Altai Krai Legislative Assembly election was held in Altai Krai on 19 September 2021 along with State duma elections in Russia.

68 deputies are elected according to the mixed electoral system. 34 deputies are elected according to party lists (proportional representation) for which a 5% threshold is established, and the distribution of seats between lists that received more than 5% of the vote takes place according to the formula. The other 34 deputies are elected in single-mandate constituencies (plurality voting), won by the majority of votes. The term of office is five years.

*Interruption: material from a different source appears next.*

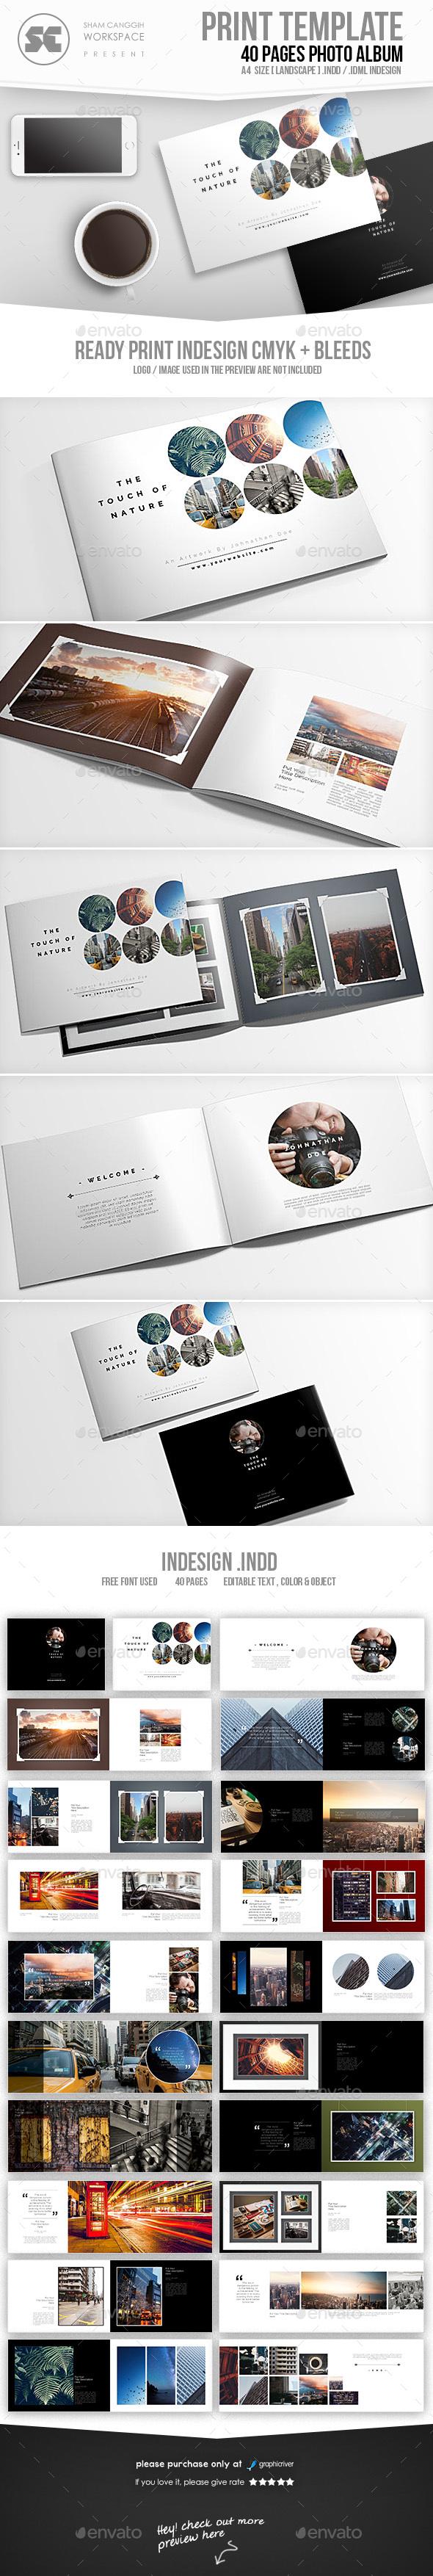 Wedding Album Graphics, Designs & Templates from GraphicRiver

As of July 1, 2021, voters were registered in the Altai Krai.

== Candidates ==

=== Registration ===
To register regional lists of candidates, parties need to collect voter signatures in the amount of 0.5%.

To register a candidate nominated in a single-mandate constituency, it is necessary to collect voter signatures in the amount of 3%.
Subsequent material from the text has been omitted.